Cyber Situational Awareness and the Kill Chain

Thursday, 31 March, 2016 In General News, Other News, Top News

 

The concept of the cyber kill chain has done a lot to advance the general understanding of how attacks unfold and how to combat them. The steps – reconnaissance, weaponization, delivery, exploitation, installation, command and control, actions on objectives – each have implications for how, as security professionals, we can strengthen our defenses. Initially these defenses concentrated on the network, and specifically the perimeter. But today, as attacks have increased in sophistication and frequency, it takes more to be a kill chain “killjoy.”

Recent ESG research (“Threat Intelligence as part of Cyber Situational Awareness”) indicates that in response to growing threats, many organizations are investing in threat intelligence programs in order to track “in-the-wild” hacker activities and malware threats. The report encourages CISOs to strive for cyber situational awareness for a better understanding of their entire digital footprint as well as the tactics, techniques, and procedures (TTPs) used by cyber-adversaries. In fact, cyber situational awareness can become a kill chain killjoy, serving as a valuable tool to gather intelligence about adversaries’ actions and our vulnerabilities and to thwart attacks.

Cyber Threat Kill Chain Diagram

Take for example, the first step in the kill chain – reconnaissance. An adversary surveys the target and seeks out weaknesses, potential vectors, and other information to assist with an attack. Organizations traditionally address this step in a number of ways, including firewall or proxy logs, honeypots and network-based intrusion detection systems (NIDS). But, unfortunately, these only aim to detect threats that directly target the perimeter network and fail to address other important threats, such as data that already found a way outside the organization through many different means, including:

• Stolen credentials available on sites, such as Pastebin

• Sensitive documents being openly shared on the web due to misconfigured, consumer-grade storage devices or public folders in cloud storage sites like Dropbox that might reveal sensitive internal information

• Proprietary source code and admin passwords that somehow find their way on code sharing sites, such as GitHub

• Social media platforms that can potentially provide a gold mine of information that threat actors could use to craft a spear phishing campaign

In conjunction with the increased attack surface, there is also the threat landscape to consider and the range of actors who are potentially discussing plans regarding attacks against an organization. Hacktivists often do this publically, but criminals and nation states are much more covert. Being able to understand who is being attacked and why can be valuable for an organization, as it assists with appreciating the wider threat and taking a more strategic outlook to their security. These are all insights which cyber situational awareness can provide.
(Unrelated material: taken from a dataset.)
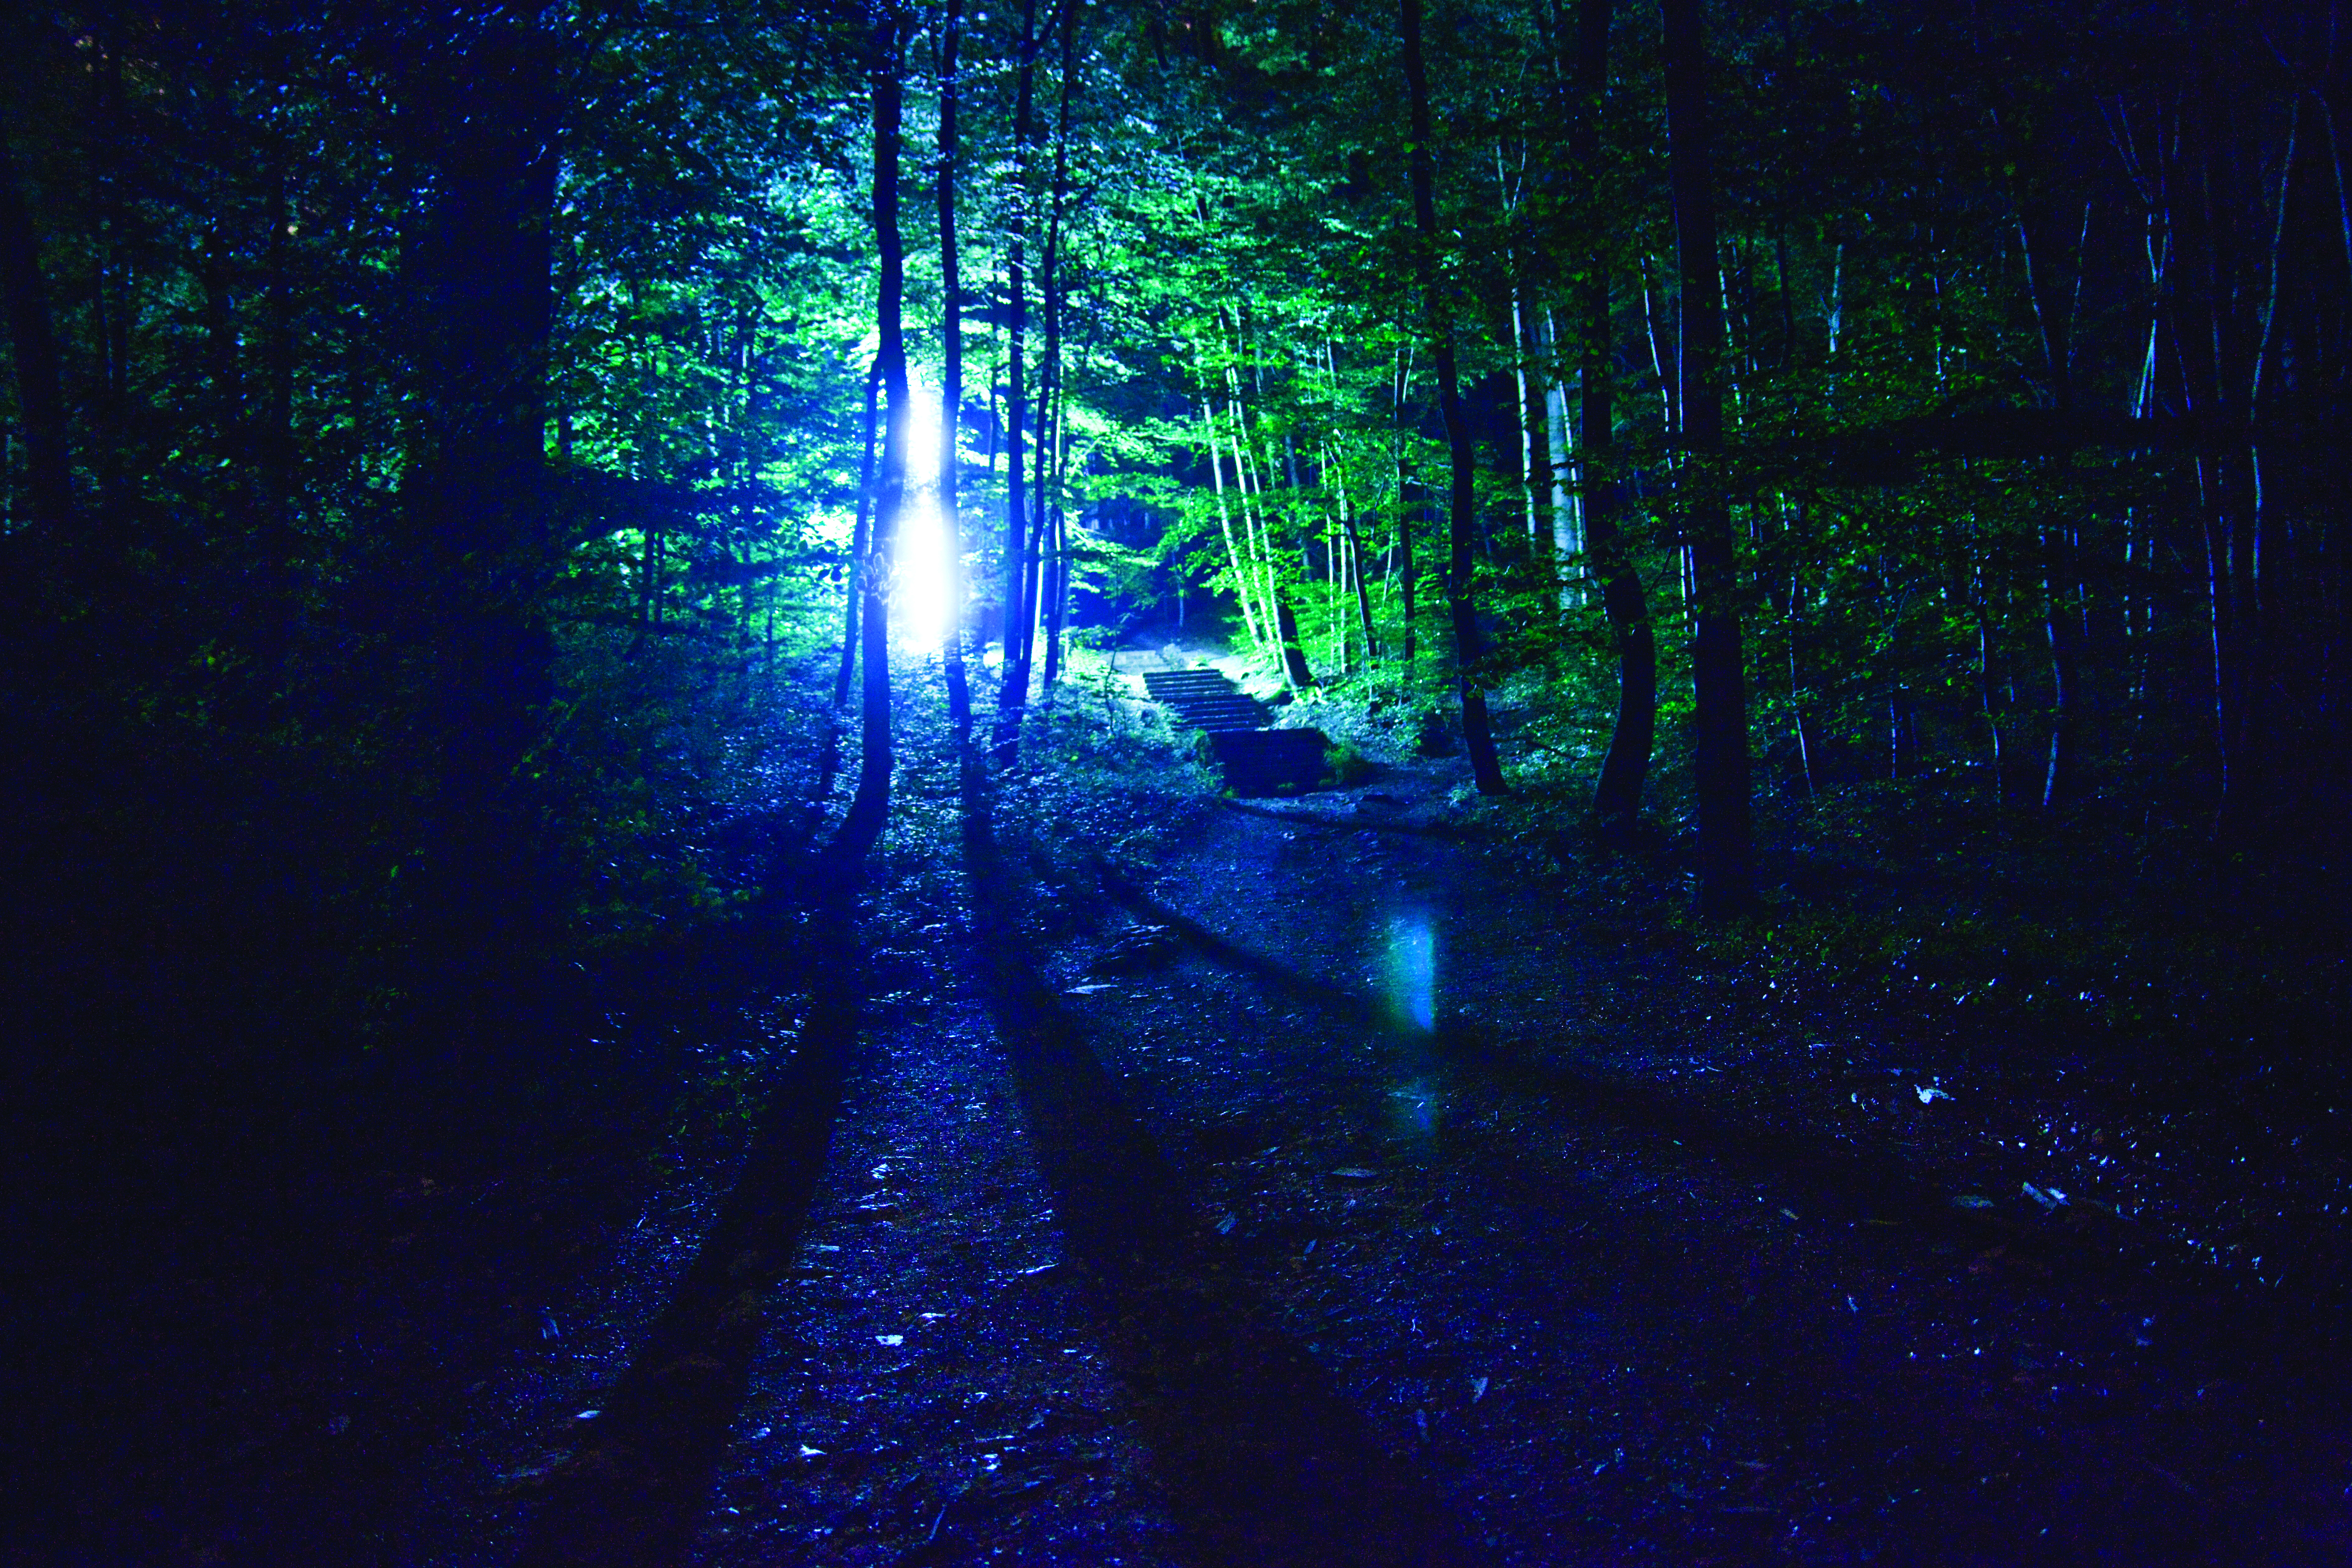 image of a forest dramatically backlit at night from Mette Ingvartsen's The Light Forest PRoject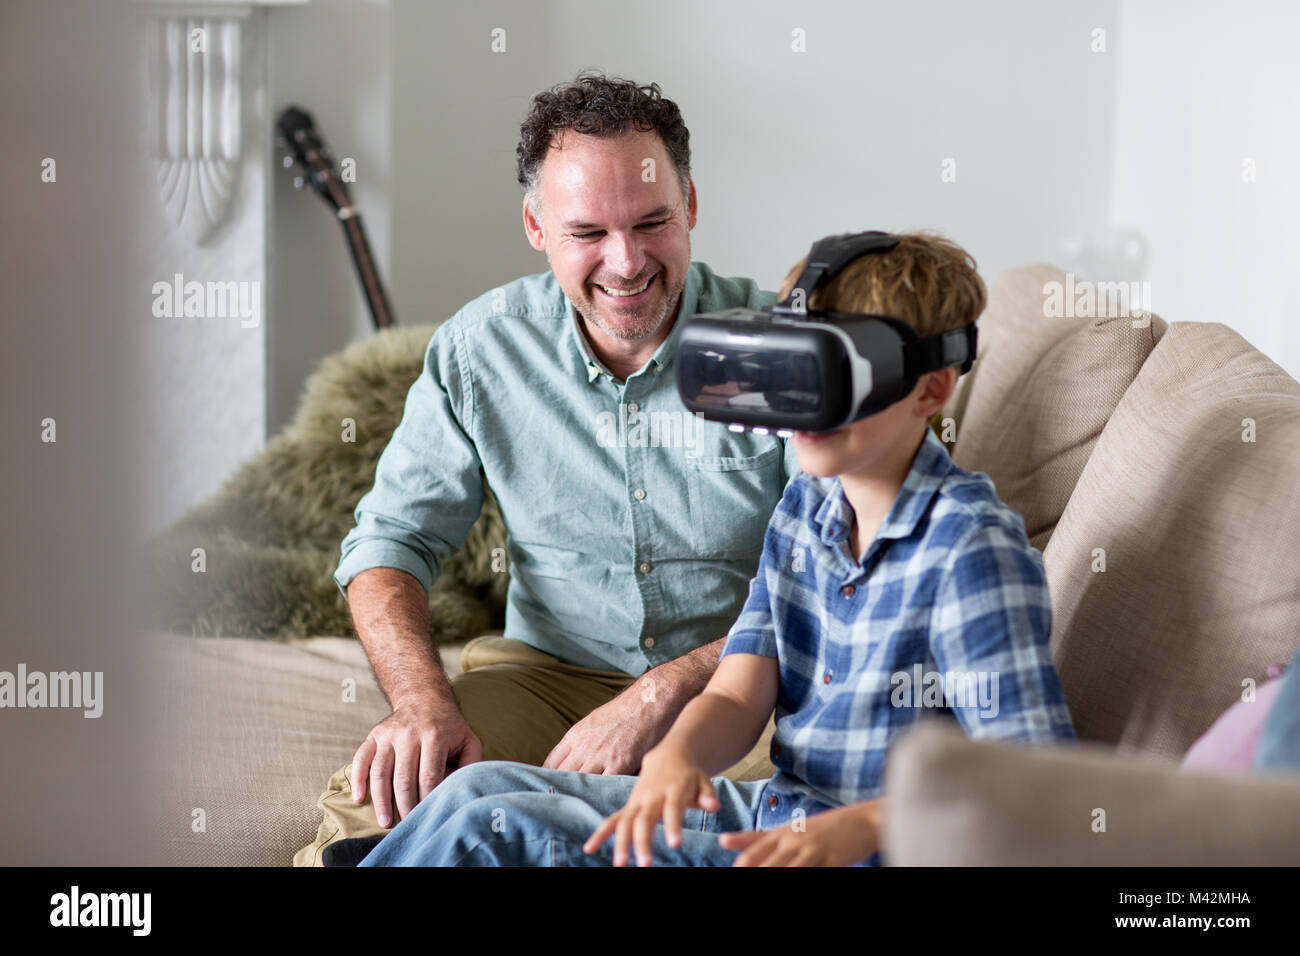 Boy using a VR headset game at home Stock Photo

Reconnaissance is followed by weaponization. Depending on the type of threat you are dealing with, this can be anything from an easily available and simple to use exploit, up to the crafting and deployment of a zero-day vulnerability. Honeypots, sandboxes and NIDS all help to this end but, again, they only attempt to deal with the threats as they hit directly the organization, sometimes too little too late. Cyber situation awareness helps to discover the TTPs being used across the threat landscape, or discussed and traded online, in order to prepare for and provide mitigations.

Once the attack is launched and inside the network – the delivery, exploitation, installation, command and control, and actions on objectives stages – there are many effective security controls that help. But these can and should be supplemented with information from outside the organization to assess their effectiveness. For example, in the case of a Data Loss Prevention (DLP) solution, proxy or firewall, you need to be able to look outside of the organization to determine if the data these tools are trying to protect has been breached. This practice can provide indications that sensitive data is being sold on criminal forums or leaked on paste sites. Similarly, it can offer assessments on the credibility of the actors making claims of responsibility.

From an attacker’s perspective, this is where the kill chain ends, but not for defenders. The kill chain can, and should, flow into a cycle, where an organization can learn lessons from an attack and ensure that future attempts at reconnaissance cannot use the same information, thereby reducing the attack surface.

Cyber situational awareness can truly be a kill chain killjoy. By viewing the kill chain through that lens, organizations can have the confidence that they understand their attack surface, they know which TTPs could be used against them and, should data find its way online, they can quickly discover it and mitigate the risks.